YOUR GOAL
When you write out the listing, keep each word exactly as it stands but include none of its images.

**** THE DATA ****

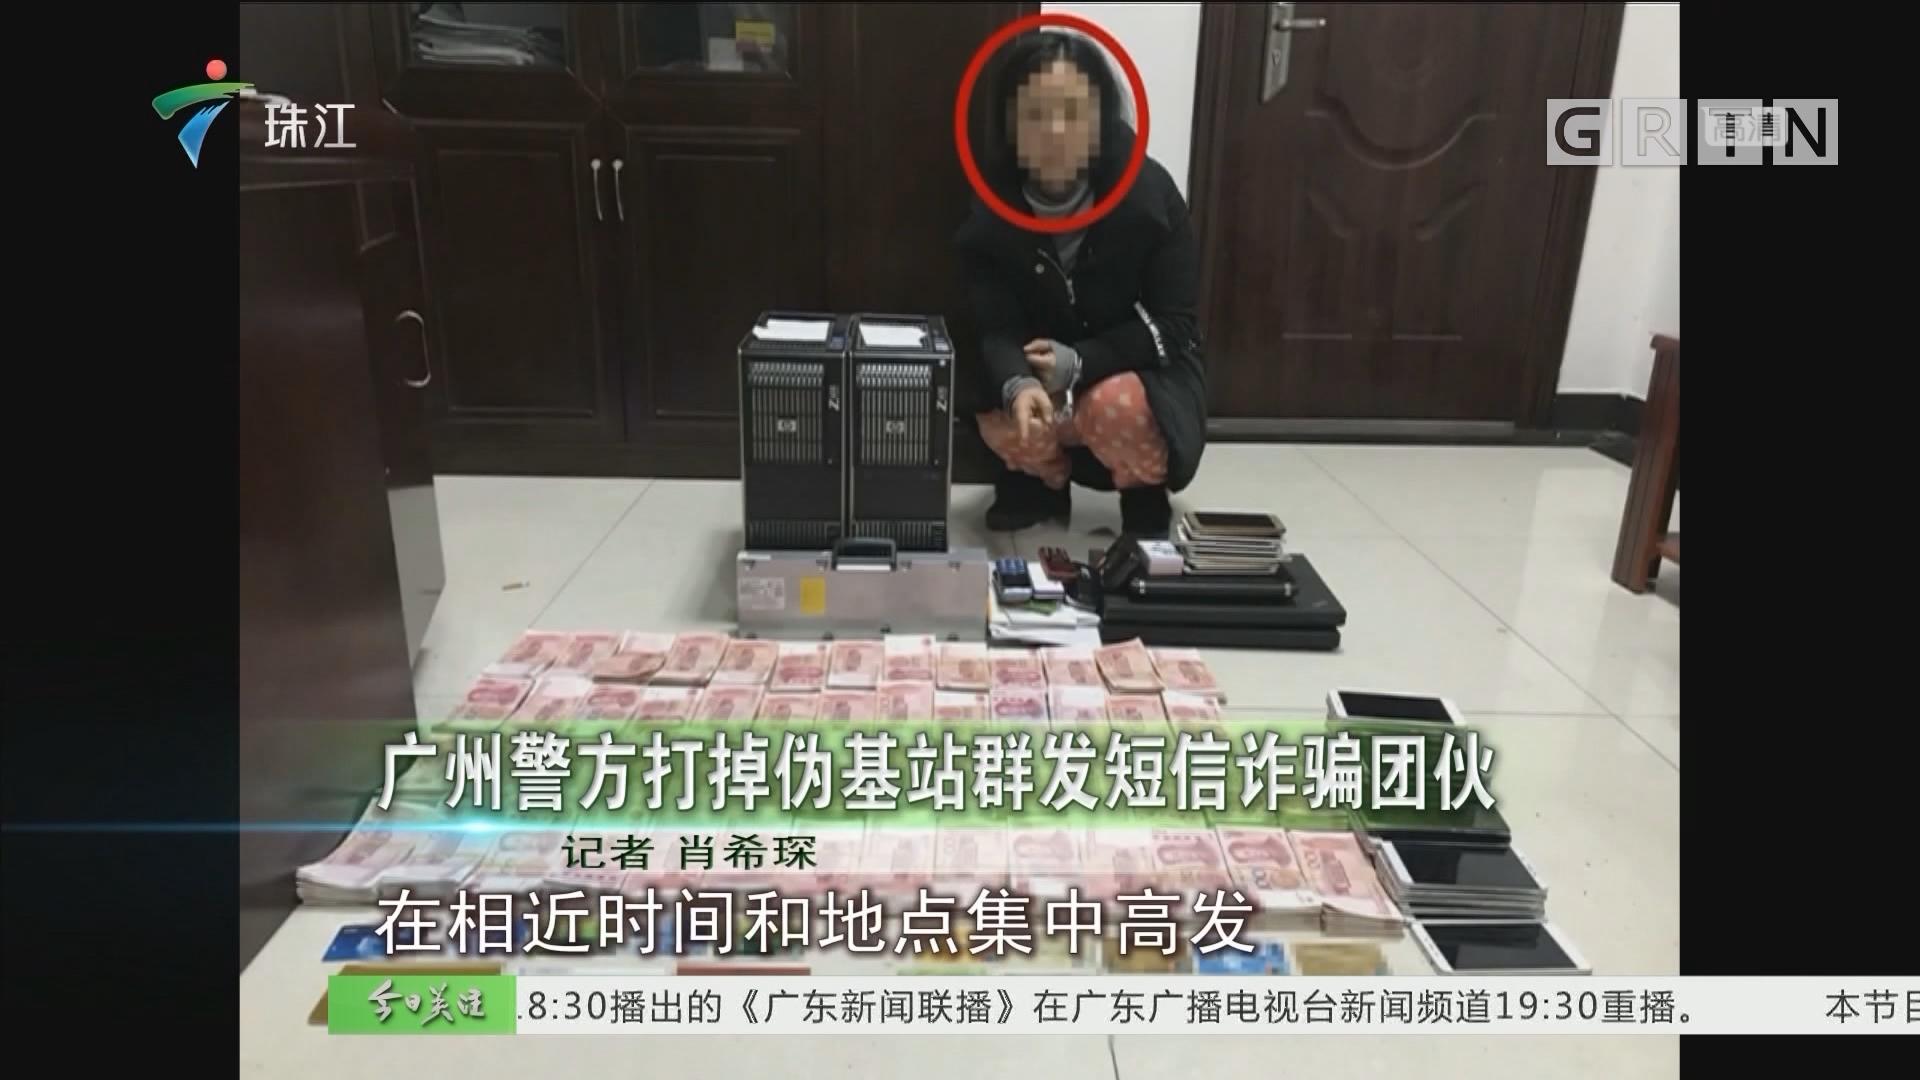 广州警方打掉伪基站群发短信诈骗团伙
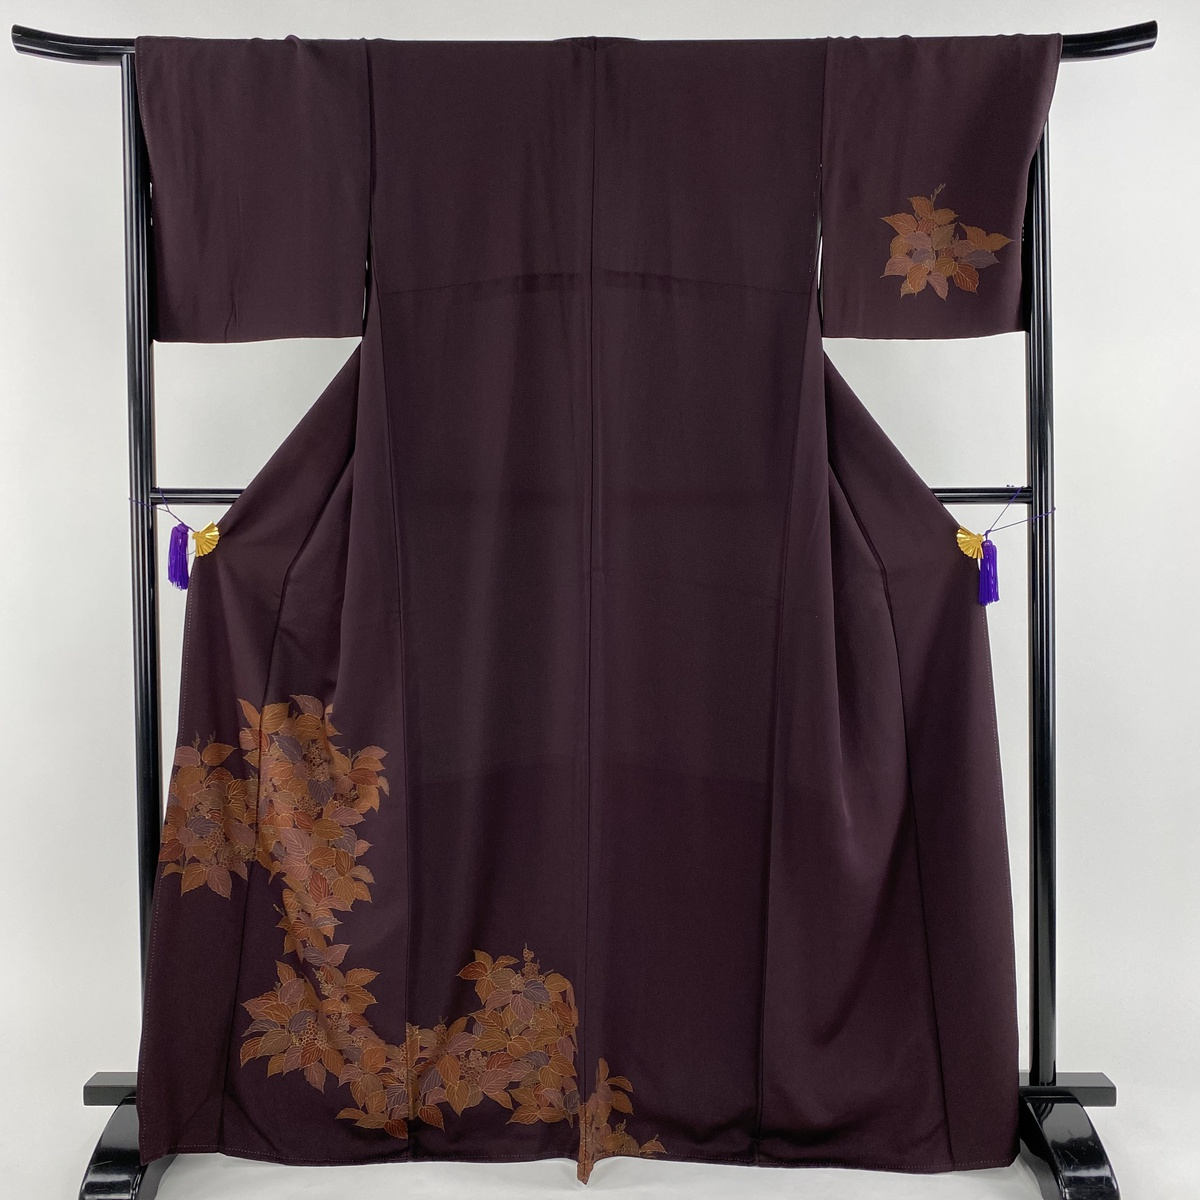 付下げ 美品 秀品 葉 実 刺繍 紫 袷 身丈167cm 裄丈67.5cm L 正絹 【中古】
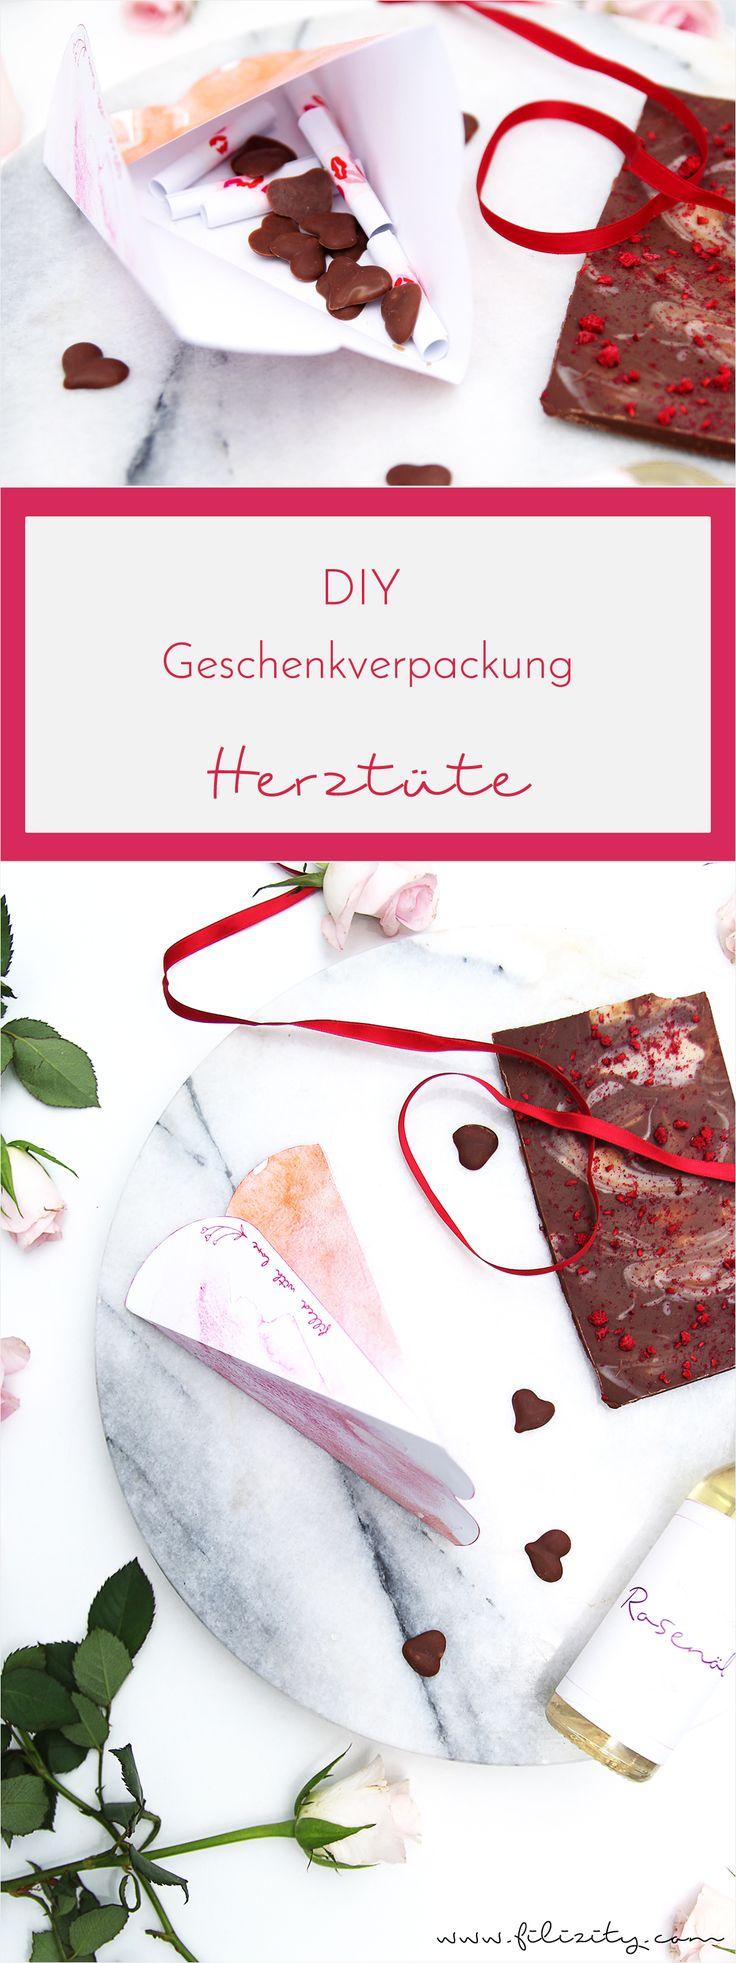 159 besten Valentinstag Bilder auf Pinterest | Diy geschenke ...

****

YOUR RESPONSE
 广州警方打掉伪基站群发短信诈骗团伙
 付下げ 美品 秀品 葉 実 刺繍 紫 袷 身丈167cm 裄丈67.5cm L 正絹 【中古】
 159 besten Valentinstag Bilder auf Pinterest | Diy geschenke ...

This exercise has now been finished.